DATA EXTRACT.
___
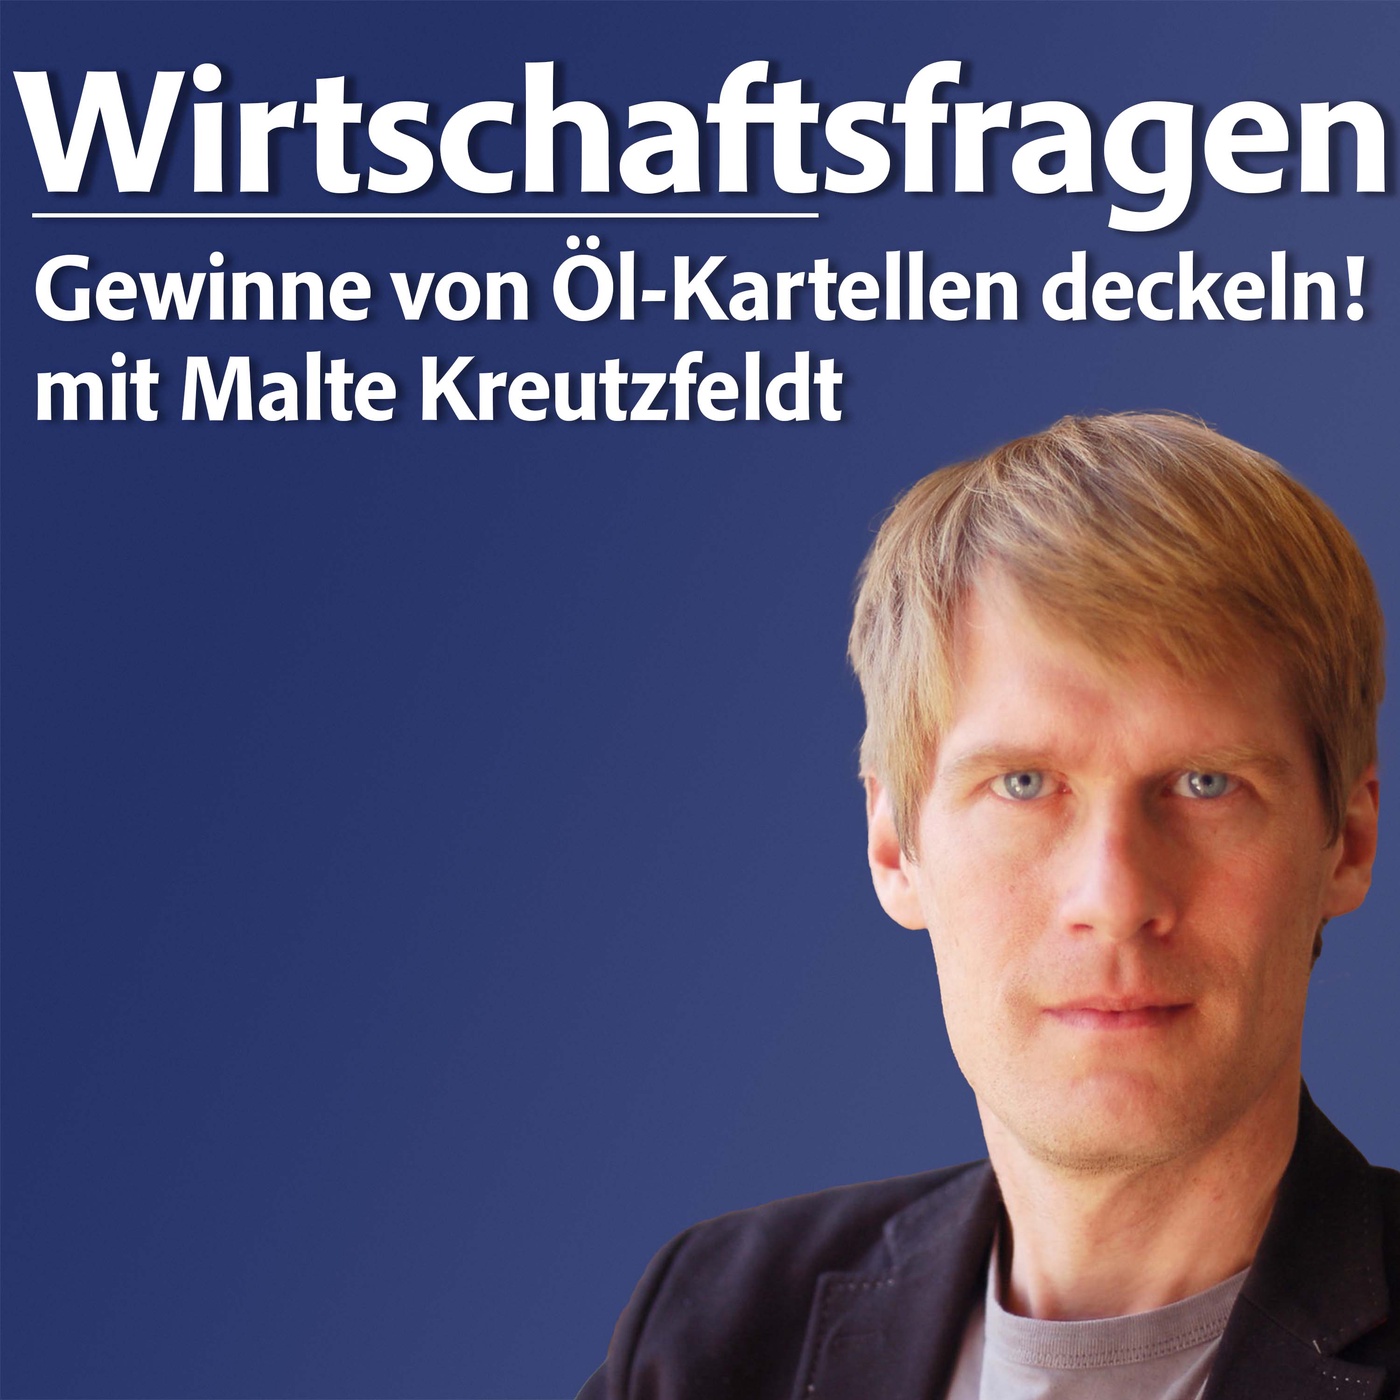 Gewinne von Öl-Kartellen deckeln! - mit Malte Kreutzfeldt
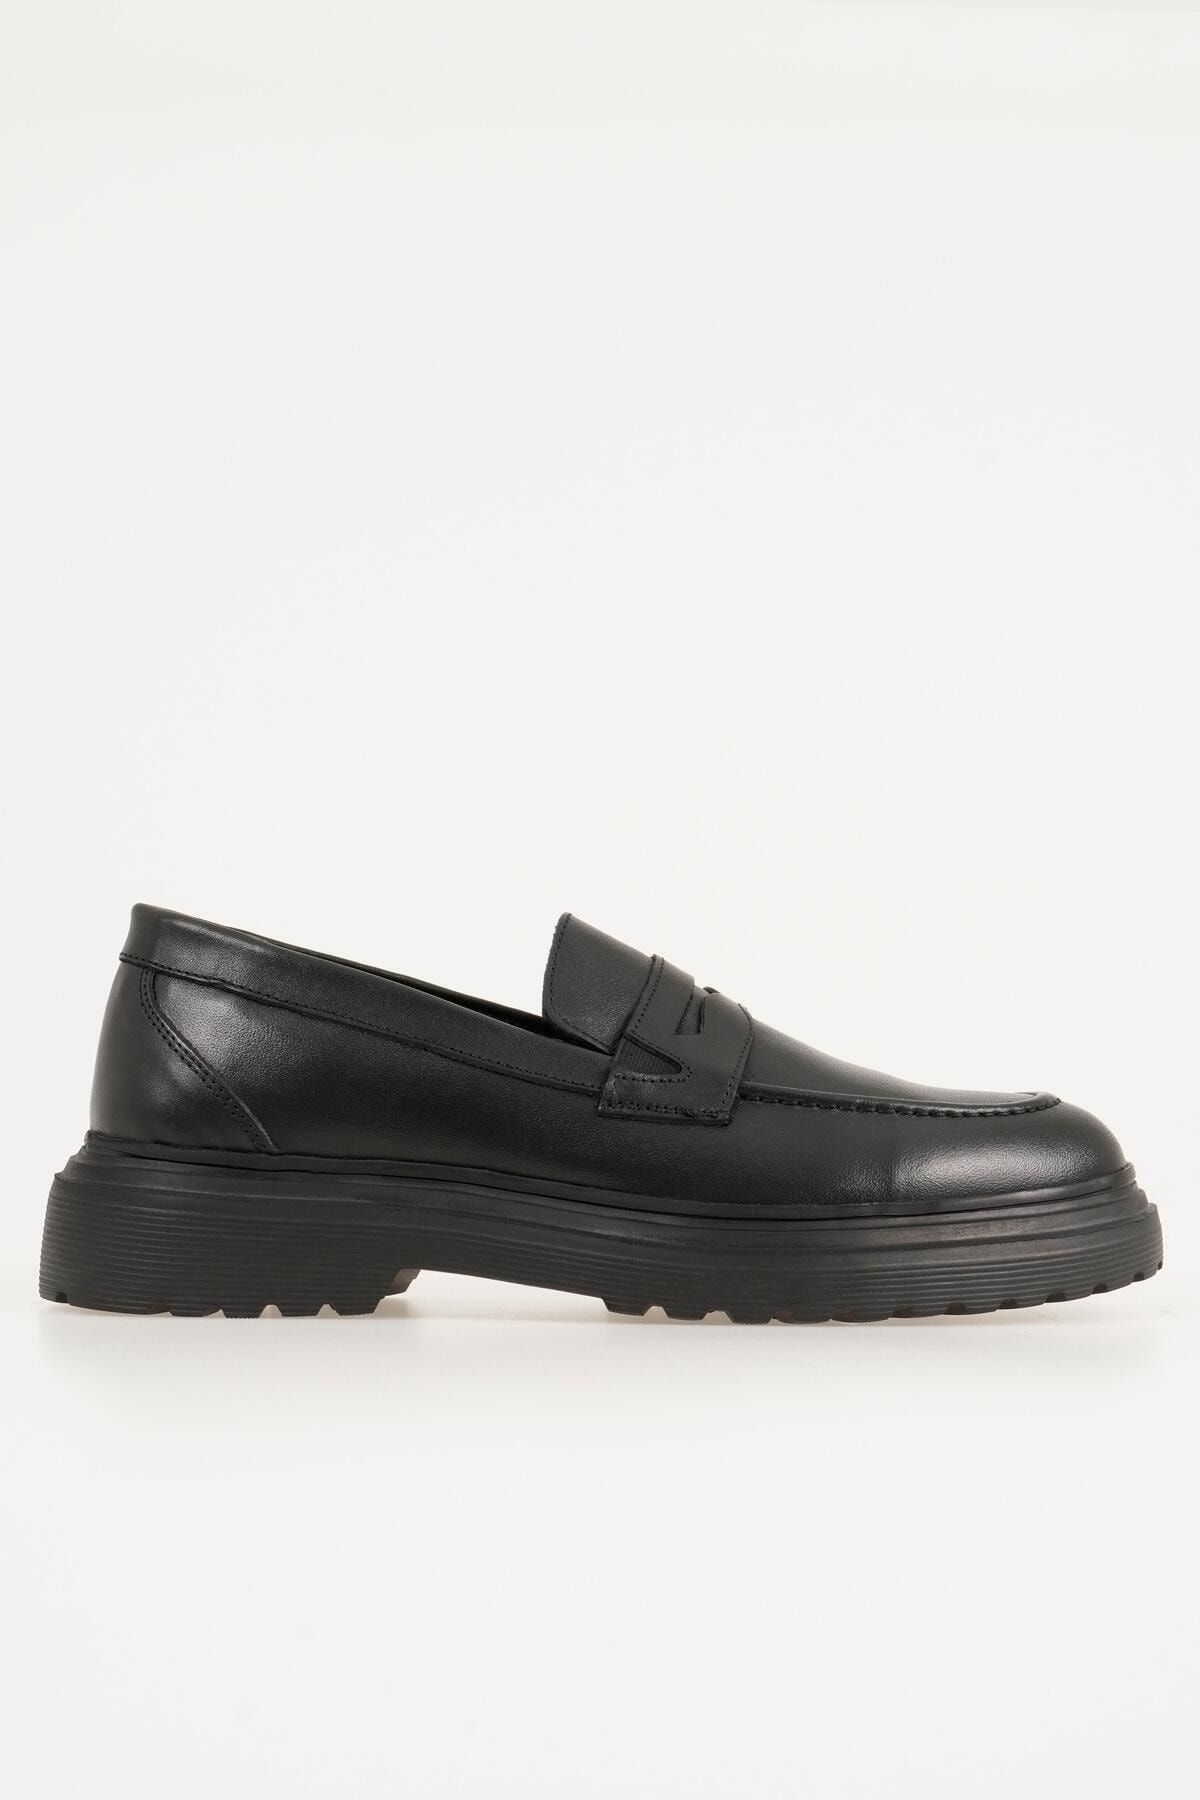 CZ London Hakiki Deri Erkek Loafer Kalın Tabanlı Kolay Giyim Ayakkabı
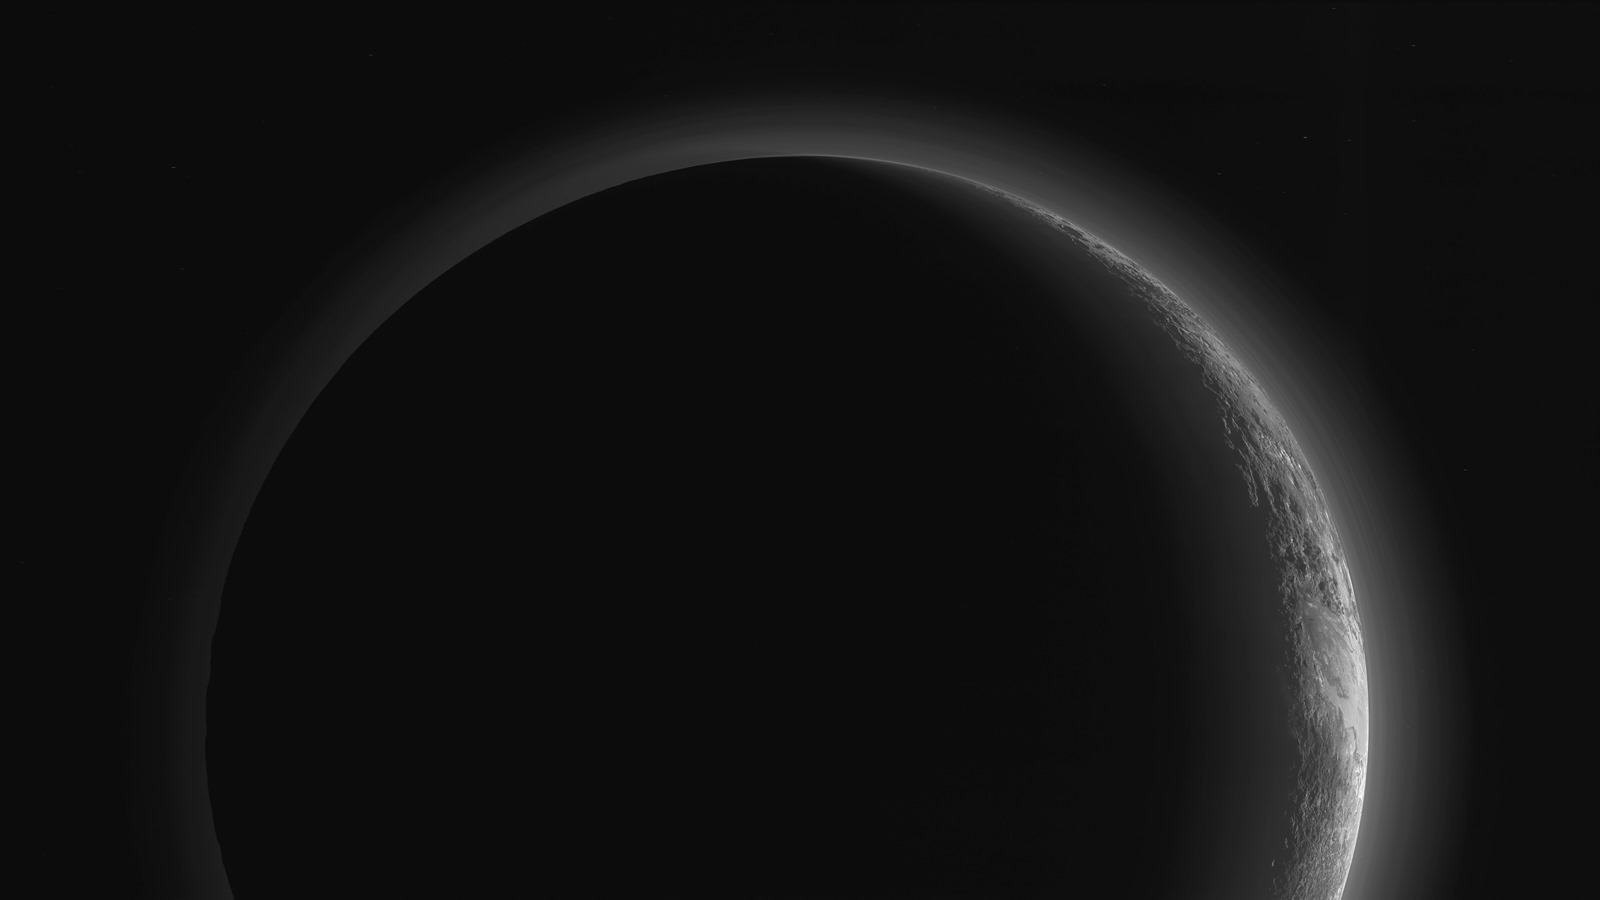 Admirez le brumeux crépuscule de Pluton alors que la sonde New Horizons se prépare pour une prochaine rencontre
___
WORK ORDER.
Copy the data word for word and omit every picture.

WRITTEN RESPONSE.
 Gewinne von Öl-Kartellen deckeln! - mit Malte Kreutzfeldt
 CZ London Hakiki Deri Erkek Loafer Kalın Tabanlı Kolay Giyim Ayakkabı
 Admirez le brumeux crépuscule de Pluton alors que la sonde New Horizons se prépare pour une prochaine rencontre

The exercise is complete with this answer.